The problem is that this paper doesn't employ such mechanisms:

> This assumption is problematic for P2P systems...they must either exercise centralised control over which nodes are allowed to join the network, or employ expensive Sybil countermeasures such as proof-of-work [30]. This paper shows... is possible to guarantee the standard CRDT consistency properties even in systems in which arbitrarily many nodes are Byzantine, e.g. where the Byzantine nodes outnumber the correct nodes. This makes the algorithms immune to Sybil attacks...

This argument is incorrect. The counter-example is Dolev-Strong [2]. The number of faulty nodes is not fixed, but still needs a CA.

[1] https://eprint.iacr.org/2020/019.pdf

[2] Section 3.4 of http://elaineshi.com/docs/blockchain-book.pdf

wyager · on March 5, 2022

I think we're on the same page - I was referring to Bitcoin's algorithm giving you arbitrarily low failure probability, not the OP's paper.

rocqua · on March 5, 2022

Sybil proofness does not require a CA. The abstract of your link only states that CAs can be a solution. An alternative approach would be to have the system function as long as one member remains non-sybil.

somezero · on March 5, 2022

The paper is simple and readable enough for me to not have to comment. Anyway, The abstract itself says:

> This paper shows that, without a logically centralized authority, Sybil attacks are always possible except under extreme and unrealistic assumptions of resource parity and coordination among entities.

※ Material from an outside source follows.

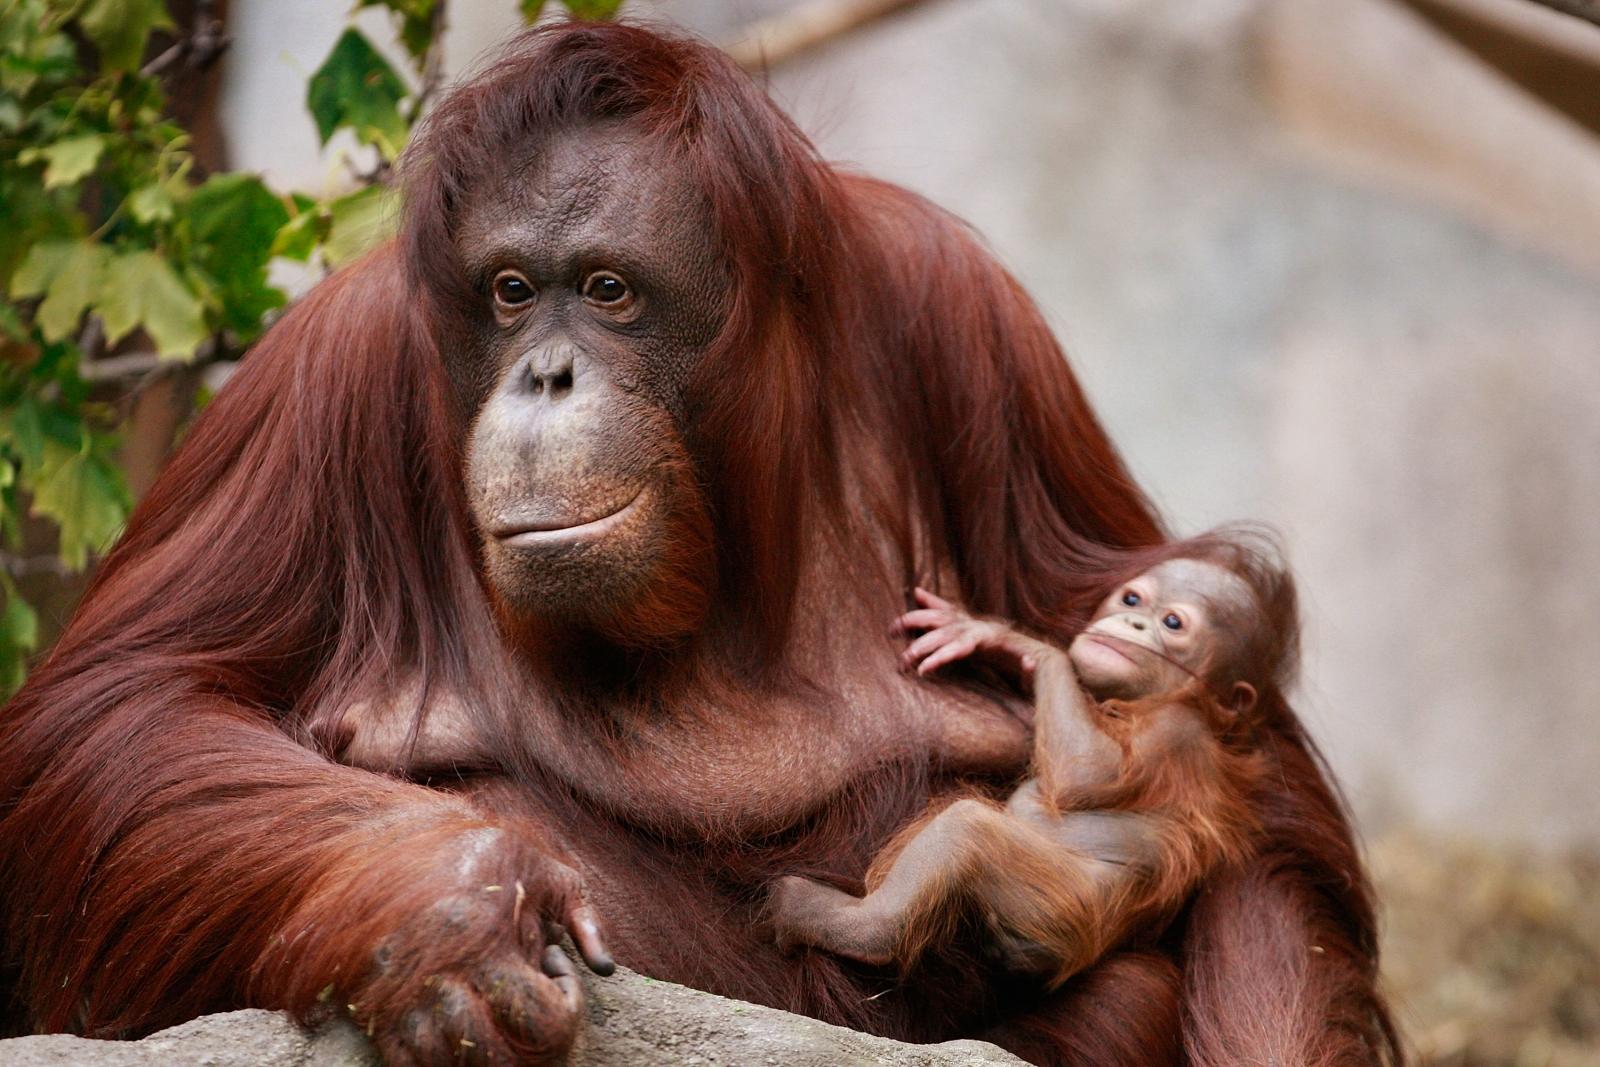 Borean orangutans

And the proof is a few pages later in a few Lemmas. Note that this paper is where Sybil attacks actually come from, and you can see almost all DHT security papers (eg. Castro’s secure routing paper [1]) assume a CA.

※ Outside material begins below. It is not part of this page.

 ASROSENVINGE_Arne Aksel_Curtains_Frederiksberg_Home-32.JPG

[1] section 3.2 of https://www.cs.rice.edu/~dwallach/pub/osdi2002.pdf

posharma · on March 4, 2022

Martin's writing and explanation style is truly awesome! I read his book DDIA (Designing data intensive applications) and listened to his distributed systems class lectures [1]. It was a joy learning. I wish I had him or someone like him in graduate school. I would've probably taken all his courses :-).

[1] https://www.youtube.com/watch?v=UEAMfLPZZhE&list=PLeKd45zvjc...

fwoty · on March 4, 2022

Seriously. My advice to all, if you see "Kleppmann", click the link.

mactavish88 · on March 6, 2022

> Further work is required to demonstrate whether the techniques presented here are indeed effective in the context of particular CRDT algorithms, to prove their correctness in the face of Byzantine nodes, and to measure the performance impact of Byzantine fault tolerance.

This paper is super interesting, but it'd be even more interesting when we see this future work is completed.

seattleeng · on March 5, 2022

This is pretty interesting! Skiff (https://www.skiff.org/) also uses private, encrypted CRDTs for their collaborative docs, but not in a BFT manner (the updates are encrypted but still sent to a central server AFAIK).

amilich · on March 5, 2022

Yes, we use E2EE CRDTs! They don't have to be centralized because we still get composable updates using YJS (https://github.com/yjs/yjs). This would still help a ton given the p2p nature of updates (malicious or broken clients can cause havoc for documents).

9wzYQbTYsAIc · on March 5, 2022

Is Byzantine Fault Tolerance starting to pick up steam in interest?

Any other related news anyone knows of off the top of their head?